Alternatively, you could have observed the sun rise on July 17th, 18th, 19th and 20th. Four consecutive days.

By itself the consecutive days show no stronger evidence of the sun rising tomorrow. The updating of prior probabilities will only be affected if your probability model includes some dependence on the previous day's sun. If you assume that the probability of the sun rising on one day is independent from the sun rising on previous days then the prior probabilities are updated the same way in both cases.

4
On

The answer is basically "it depends on a lot of things".

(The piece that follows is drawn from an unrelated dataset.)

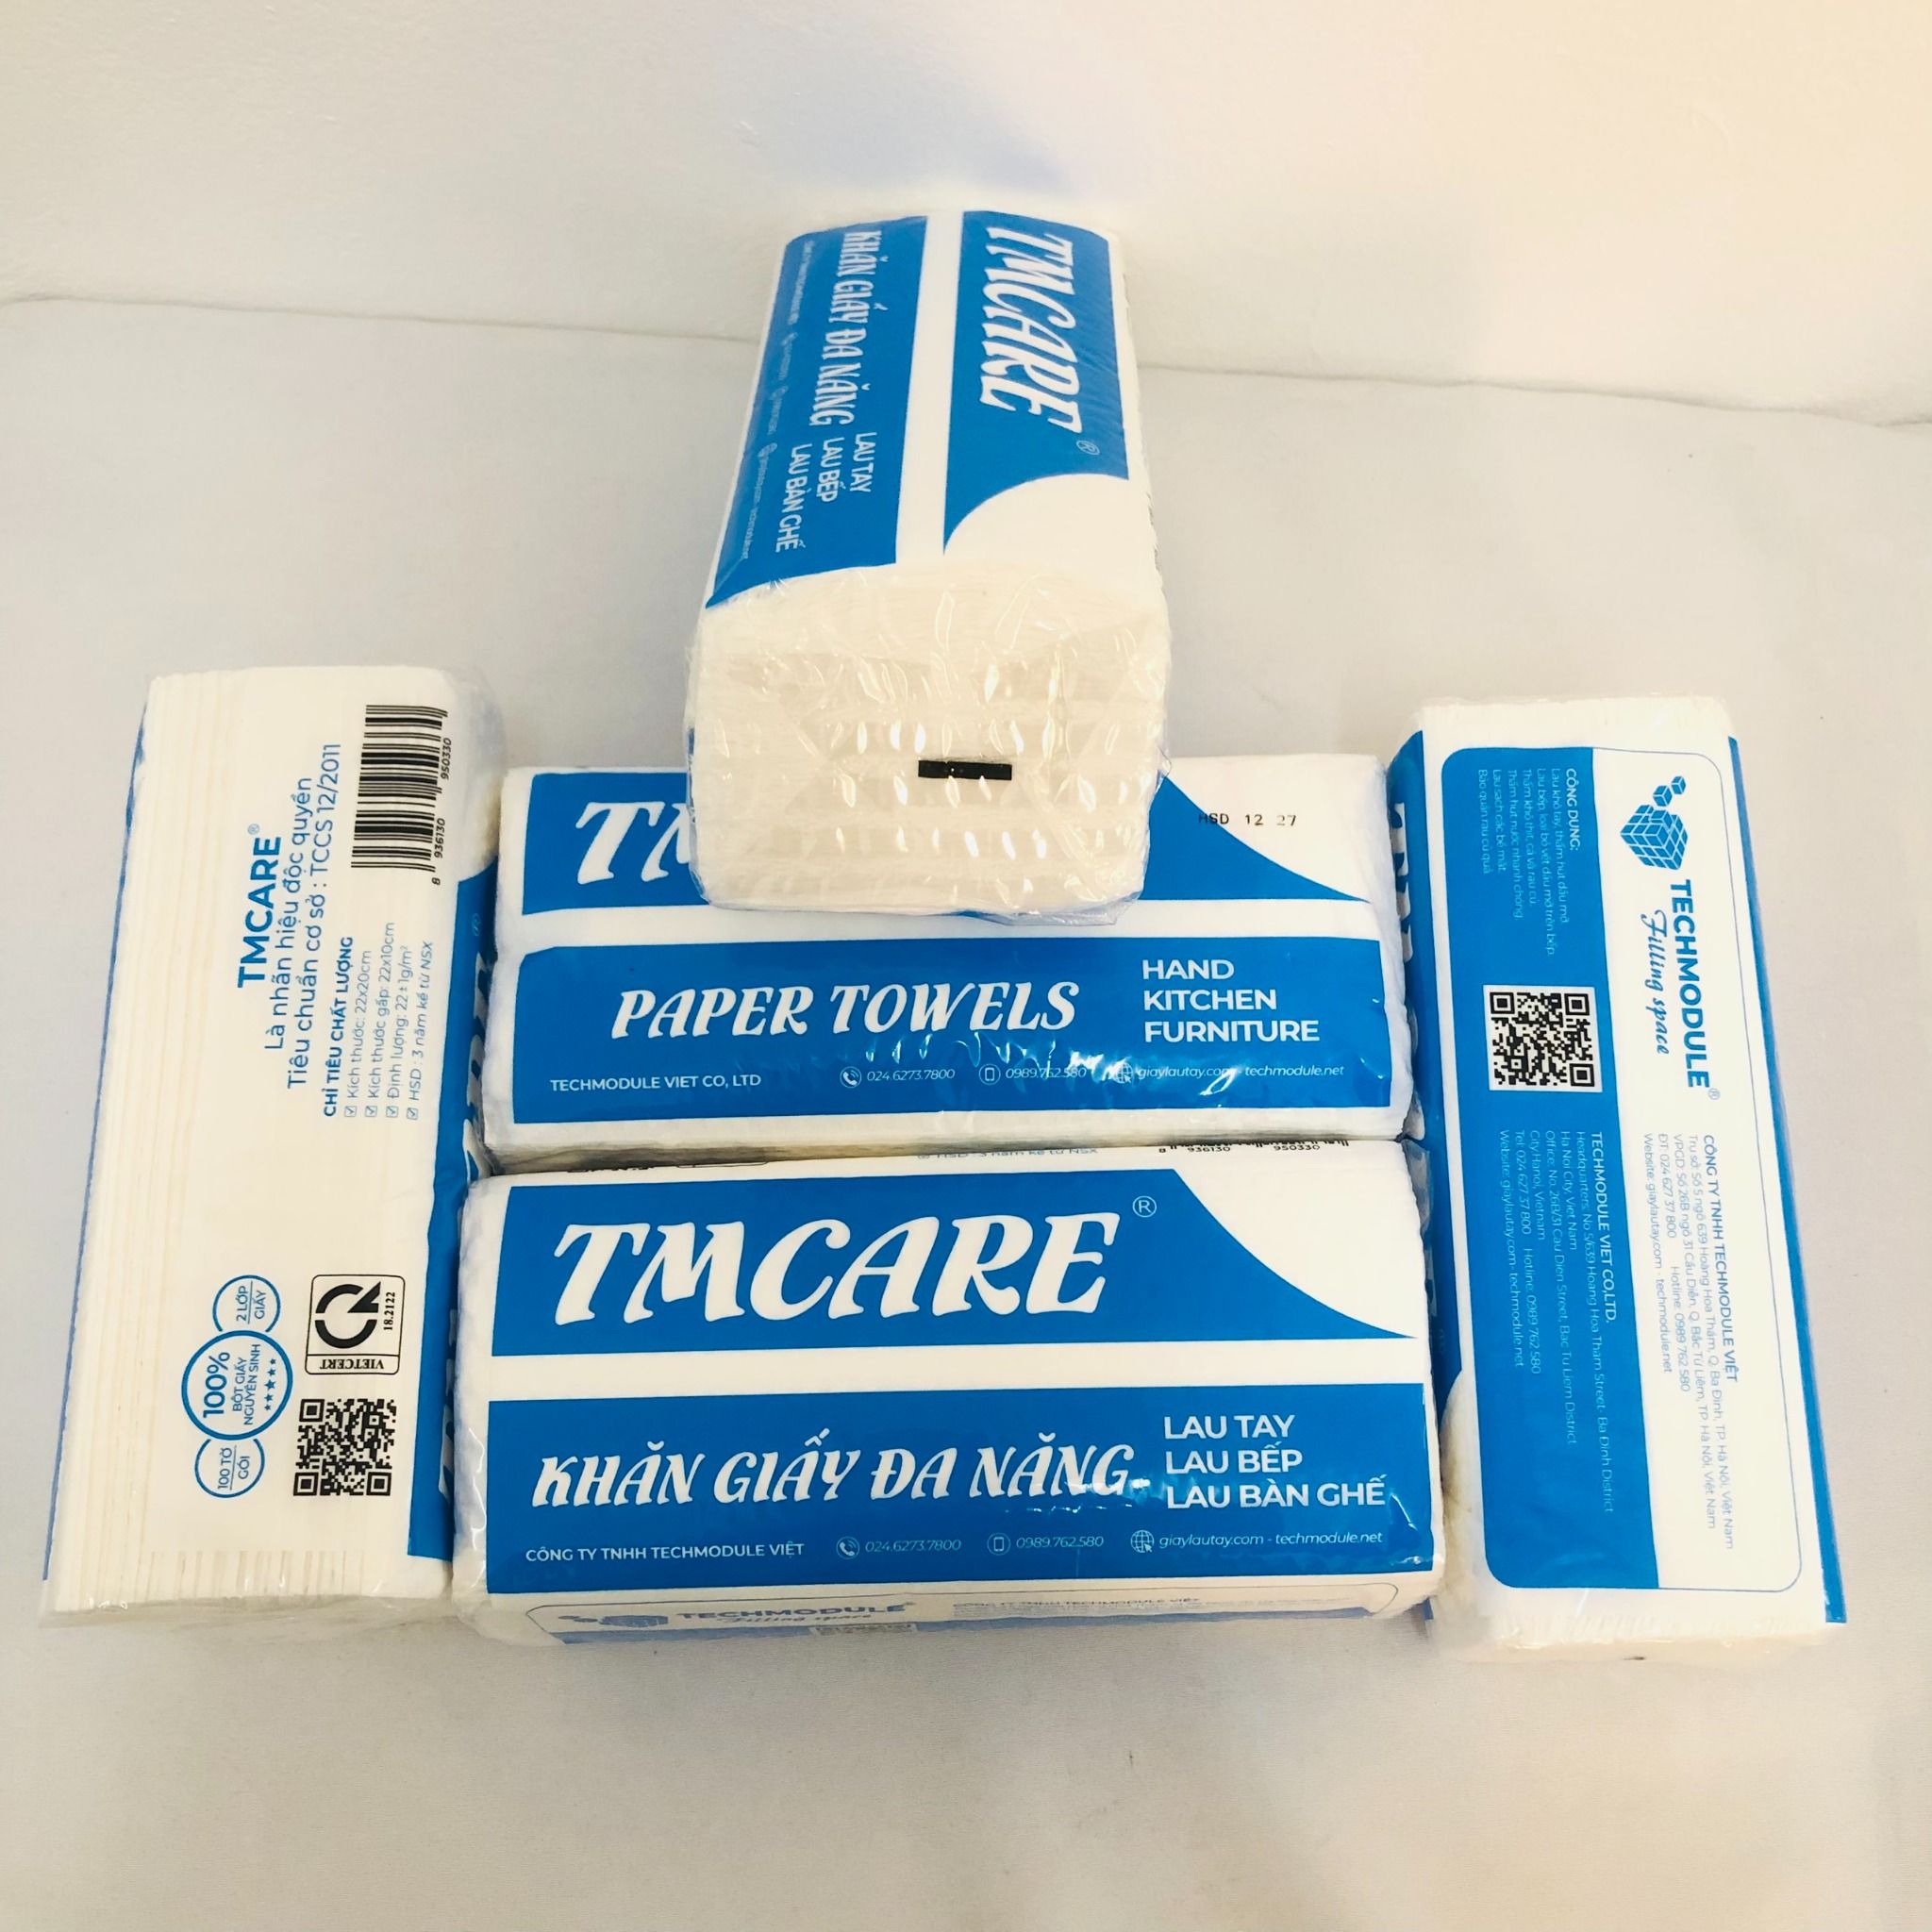  Combo 20 gói Khăn giấy lau tay đa năng TMCARE Premium Xanh, 100% bột giấy nguyên sinh - 100 tờ - vệ sinh sau và trong bữa ăn

There are two situations. I'm going to assume you know for certain in advance that on each day, either the sun rises or it doesn't, and you have the option of checking the sun once per day (so that you know when you've missed a day):

  • You've seen the sun rise on $n$ consecutive days, and never seen the sun fail to rise;
  • You've seen the sun rise on $n$ days, and never the sun fail to rise, but some of the $n$ days are separated from each other. (The other days, you just didn't get out of bed.)

The probability of "sun rises tomorrow" may be different between the two cases; it depends on your priors. The first situation reinforces most priors that say "the sun will rise very often in long blocks". The second situation reinforces priors that say "the sun will rise very often in certain patterns". Of course, "the sun always rises" is reinforced in both cases, but remember that you can only reinforce a hypothesis by discounting other hypotheses.

For a concrete example, suppose your priors are 50% on "the sun always rises", and 50% on "the sun rises exactly on alternate days"; and suppose you only check every other day. Then there is no update of probabilities possible.

On the other hand, suppose your priors are 50% on "the sun always rises", and 50% on "the sun rises once every third day", and you check every other day. Then you will update your probabilities on day 3.


The following paragraph makes me slightly queasy, because I'm not very sure about Bayesianism in infinite cases, but here goes.

The probability of "the sun will rise every day forever" is $0$ or $1$ by the Kolmogorov $0/1$ law; since it is possible for the sun not to rise, it has to be $0$.